ACTIVITY
Reproduce the material that follows, keeping every line exactly as it is.

DATA RECORDS

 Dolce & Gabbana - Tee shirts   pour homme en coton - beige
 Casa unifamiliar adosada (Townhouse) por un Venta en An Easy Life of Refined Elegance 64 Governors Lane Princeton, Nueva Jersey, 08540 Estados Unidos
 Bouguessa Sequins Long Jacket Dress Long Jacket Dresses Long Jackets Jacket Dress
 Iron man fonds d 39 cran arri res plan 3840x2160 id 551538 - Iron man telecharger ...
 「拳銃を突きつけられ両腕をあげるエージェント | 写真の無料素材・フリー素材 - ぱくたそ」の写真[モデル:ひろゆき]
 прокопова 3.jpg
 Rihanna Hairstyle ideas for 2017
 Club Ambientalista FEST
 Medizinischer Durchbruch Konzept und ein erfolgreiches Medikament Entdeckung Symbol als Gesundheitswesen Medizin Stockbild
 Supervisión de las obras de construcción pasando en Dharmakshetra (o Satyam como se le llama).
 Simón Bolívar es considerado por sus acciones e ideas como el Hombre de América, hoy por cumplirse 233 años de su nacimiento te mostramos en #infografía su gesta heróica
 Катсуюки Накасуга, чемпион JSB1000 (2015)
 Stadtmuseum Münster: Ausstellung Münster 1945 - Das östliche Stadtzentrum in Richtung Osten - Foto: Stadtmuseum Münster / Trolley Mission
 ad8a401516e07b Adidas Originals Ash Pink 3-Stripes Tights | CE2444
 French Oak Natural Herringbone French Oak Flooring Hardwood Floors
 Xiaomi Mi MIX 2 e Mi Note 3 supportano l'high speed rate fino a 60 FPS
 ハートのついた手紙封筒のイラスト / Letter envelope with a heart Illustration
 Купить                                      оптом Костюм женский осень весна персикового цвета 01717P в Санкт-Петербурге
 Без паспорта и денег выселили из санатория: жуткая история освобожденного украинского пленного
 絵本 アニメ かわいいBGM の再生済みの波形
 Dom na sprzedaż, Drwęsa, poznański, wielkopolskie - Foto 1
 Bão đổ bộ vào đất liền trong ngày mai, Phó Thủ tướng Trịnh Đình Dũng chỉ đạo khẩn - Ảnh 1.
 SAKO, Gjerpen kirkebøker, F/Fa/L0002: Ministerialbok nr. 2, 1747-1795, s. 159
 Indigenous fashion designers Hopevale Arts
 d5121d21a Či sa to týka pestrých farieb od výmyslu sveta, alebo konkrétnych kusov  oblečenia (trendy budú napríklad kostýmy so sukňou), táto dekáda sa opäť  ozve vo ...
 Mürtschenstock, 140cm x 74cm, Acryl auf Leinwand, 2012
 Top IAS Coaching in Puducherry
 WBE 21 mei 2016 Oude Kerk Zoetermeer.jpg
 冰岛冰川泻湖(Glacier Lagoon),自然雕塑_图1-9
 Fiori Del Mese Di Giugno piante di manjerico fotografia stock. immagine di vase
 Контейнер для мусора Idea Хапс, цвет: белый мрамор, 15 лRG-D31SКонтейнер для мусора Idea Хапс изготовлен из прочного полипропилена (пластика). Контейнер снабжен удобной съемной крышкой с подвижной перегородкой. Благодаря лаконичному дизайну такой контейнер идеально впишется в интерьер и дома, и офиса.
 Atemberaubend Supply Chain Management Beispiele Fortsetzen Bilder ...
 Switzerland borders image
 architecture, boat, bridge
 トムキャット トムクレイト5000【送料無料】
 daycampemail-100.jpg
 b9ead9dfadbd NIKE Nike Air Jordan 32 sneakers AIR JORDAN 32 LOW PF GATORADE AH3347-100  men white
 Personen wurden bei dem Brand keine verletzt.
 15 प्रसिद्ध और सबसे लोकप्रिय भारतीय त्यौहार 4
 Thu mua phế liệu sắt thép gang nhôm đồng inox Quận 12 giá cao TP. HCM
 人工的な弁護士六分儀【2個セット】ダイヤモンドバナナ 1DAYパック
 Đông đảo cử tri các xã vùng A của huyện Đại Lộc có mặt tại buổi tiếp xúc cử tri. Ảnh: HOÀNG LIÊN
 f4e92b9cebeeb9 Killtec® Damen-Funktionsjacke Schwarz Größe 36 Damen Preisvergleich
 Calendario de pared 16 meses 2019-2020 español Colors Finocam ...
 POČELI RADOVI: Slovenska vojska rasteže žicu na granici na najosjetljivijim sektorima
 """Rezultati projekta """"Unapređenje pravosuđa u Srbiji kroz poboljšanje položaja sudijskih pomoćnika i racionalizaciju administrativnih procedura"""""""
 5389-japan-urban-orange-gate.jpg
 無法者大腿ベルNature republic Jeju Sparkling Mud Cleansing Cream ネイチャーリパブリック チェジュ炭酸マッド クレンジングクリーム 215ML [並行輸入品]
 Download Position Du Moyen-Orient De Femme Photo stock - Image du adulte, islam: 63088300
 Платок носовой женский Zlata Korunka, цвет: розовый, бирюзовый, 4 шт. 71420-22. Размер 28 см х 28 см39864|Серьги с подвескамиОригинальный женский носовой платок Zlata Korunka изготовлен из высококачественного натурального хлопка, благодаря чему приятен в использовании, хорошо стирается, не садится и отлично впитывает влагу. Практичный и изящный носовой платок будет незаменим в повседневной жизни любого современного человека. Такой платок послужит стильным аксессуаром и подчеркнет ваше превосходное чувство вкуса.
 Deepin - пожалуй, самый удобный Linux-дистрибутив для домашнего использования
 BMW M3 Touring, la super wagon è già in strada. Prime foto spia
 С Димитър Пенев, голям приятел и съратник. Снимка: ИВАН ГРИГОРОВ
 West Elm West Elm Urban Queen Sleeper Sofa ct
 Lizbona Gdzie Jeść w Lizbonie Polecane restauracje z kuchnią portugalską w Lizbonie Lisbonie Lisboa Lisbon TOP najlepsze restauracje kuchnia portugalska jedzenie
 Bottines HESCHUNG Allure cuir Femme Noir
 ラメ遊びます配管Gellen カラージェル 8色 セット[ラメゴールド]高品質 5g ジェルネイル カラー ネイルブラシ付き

EXERCISE SOLUTION
 Dolce & Gabbana - Tee shirts   pour homme en coton - beige
 Casa unifamiliar adosada (Townhouse) por un Venta en An Easy Life of Refined Elegance 64 Governors Lane Princeton, Nueva Jersey, 08540 Estados Unidos
 Bouguessa Sequins Long Jacket Dress Long Jacket Dresses Long Jackets Jacket Dress
 Iron man fonds d 39 cran arri res plan 3840x2160 id 551538 - Iron man telecharger ...
 「拳銃を突きつけられ両腕をあげるエージェント | 写真の無料素材・フリー素材 - ぱくたそ」の写真[モデル:ひろゆき]
 прокопова 3.jpg
 Rihanna Hairstyle ideas for 2017
 Club Ambientalista FEST
 Medizinischer Durchbruch Konzept und ein erfolgreiches Medikament Entdeckung Symbol als Gesundheitswesen Medizin Stockbild
 Supervisión de las obras de construcción pasando en Dharmakshetra (o Satyam como se le llama).
 Simón Bolívar es considerado por sus acciones e ideas como el Hombre de América, hoy por cumplirse 233 años de su nacimiento te mostramos en #infografía su gesta heróica
 Катсуюки Накасуга, чемпион JSB1000 (2015)
 Stadtmuseum Münster: Ausstellung Münster 1945 - Das östliche Stadtzentrum in Richtung Osten - Foto: Stadtmuseum Münster / Trolley Mission
 ad8a401516e07b Adidas Originals Ash Pink 3-Stripes Tights | CE2444
 French Oak Natural Herringbone French Oak Flooring Hardwood Floors
 Xiaomi Mi MIX 2 e Mi Note 3 supportano l'high speed rate fino a 60 FPS
 ハートのついた手紙封筒のイラスト / Letter envelope with a heart Illustration
 Купить                                      оптом Костюм женский осень весна персикового цвета 01717P в Санкт-Петербурге
 Без паспорта и денег выселили из санатория: жуткая история освобожденного украинского пленного
 絵本 アニメ かわいいBGM の再生済みの波形
 Dom na sprzedaż, Drwęsa, poznański, wielkopolskie - Foto 1
 Bão đổ bộ vào đất liền trong ngày mai, Phó Thủ tướng Trịnh Đình Dũng chỉ đạo khẩn - Ảnh 1.
 SAKO, Gjerpen kirkebøker, F/Fa/L0002: Ministerialbok nr. 2, 1747-1795, s. 159
 Indigenous fashion designers Hopevale Arts
 d5121d21a Či sa to týka pestrých farieb od výmyslu sveta, alebo konkrétnych kusov  oblečenia (trendy budú napríklad kostýmy so sukňou), táto dekáda sa opäť  ozve vo ...
 Mürtschenstock, 140cm x 74cm, Acryl auf Leinwand, 2012
 Top IAS Coaching in Puducherry
 WBE 21 mei 2016 Oude Kerk Zoetermeer.jpg
 冰岛冰川泻湖(Glacier Lagoon),自然雕塑_图1-9
 Fiori Del Mese Di Giugno piante di manjerico fotografia stock. immagine di vase
 Контейнер для мусора Idea Хапс, цвет: белый мрамор, 15 лRG-D31SКонтейнер для мусора Idea Хапс изготовлен из прочного полипропилена (пластика). Контейнер снабжен удобной съемной крышкой с подвижной перегородкой. Благодаря лаконичному дизайну такой контейнер идеально впишется в интерьер и дома, и офиса.
 Atemberaubend Supply Chain Management Beispiele Fortsetzen Bilder ...
 Switzerland borders image
 architecture, boat, bridge
 トムキャット トムクレイト5000【送料無料】
 daycampemail-100.jpg
 b9ead9dfadbd NIKE Nike Air Jordan 32 sneakers AIR JORDAN 32 LOW PF GATORADE AH3347-100  men white
 Personen wurden bei dem Brand keine verletzt.
 15 प्रसिद्ध और सबसे लोकप्रिय भारतीय त्यौहार 4
 Thu mua phế liệu sắt thép gang nhôm đồng inox Quận 12 giá cao TP. HCM
 人工的な弁護士六分儀【2個セット】ダイヤモンドバナナ 1DAYパック
 Đông đảo cử tri các xã vùng A của huyện Đại Lộc có mặt tại buổi tiếp xúc cử tri. Ảnh: HOÀNG LIÊN
 f4e92b9cebeeb9 Killtec® Damen-Funktionsjacke Schwarz Größe 36 Damen Preisvergleich
 Calendario de pared 16 meses 2019-2020 español Colors Finocam ...
 POČELI RADOVI: Slovenska vojska rasteže žicu na granici na najosjetljivijim sektorima
 """Rezultati projekta """"Unapređenje pravosuđa u Srbiji kroz poboljšanje položaja sudijskih pomoćnika i racionalizaciju administrativnih procedura"""""""
 5389-japan-urban-orange-gate.jpg
 無法者大腿ベルNature republic Jeju Sparkling Mud Cleansing Cream ネイチャーリパブリック チェジュ炭酸マッド クレンジングクリーム 215ML [並行輸入品]
 Download Position Du Moyen-Orient De Femme Photo stock - Image du adulte, islam: 63088300
 Платок носовой женский Zlata Korunka, цвет: розовый, бирюзовый, 4 шт. 71420-22. Размер 28 см х 28 см39864|Серьги с подвескамиОригинальный женский носовой платок Zlata Korunka изготовлен из высококачественного натурального хлопка, благодаря чему приятен в использовании, хорошо стирается, не садится и отлично впитывает влагу. Практичный и изящный носовой платок будет незаменим в повседневной жизни любого современного человека. Такой платок послужит стильным аксессуаром и подчеркнет ваше превосходное чувство вкуса.
 Deepin - пожалуй, самый удобный Linux-дистрибутив для домашнего использования
 BMW M3 Touring, la super wagon è già in strada. Prime foto spia
 С Димитър Пенев, голям приятел и съратник. Снимка: ИВАН ГРИГОРОВ
 West Elm West Elm Urban Queen Sleeper Sofa ct
 Lizbona Gdzie Jeść w Lizbonie Polecane restauracje z kuchnią portugalską w Lizbonie Lisbonie Lisboa Lisbon TOP najlepsze restauracje kuchnia portugalska jedzenie
 Bottines HESCHUNG Allure cuir Femme Noir
 ラメ遊びます配管Gellen カラージェル 8色 セット[ラメゴールド]高品質 5g ジェルネイル カラー ネイルブラシ付き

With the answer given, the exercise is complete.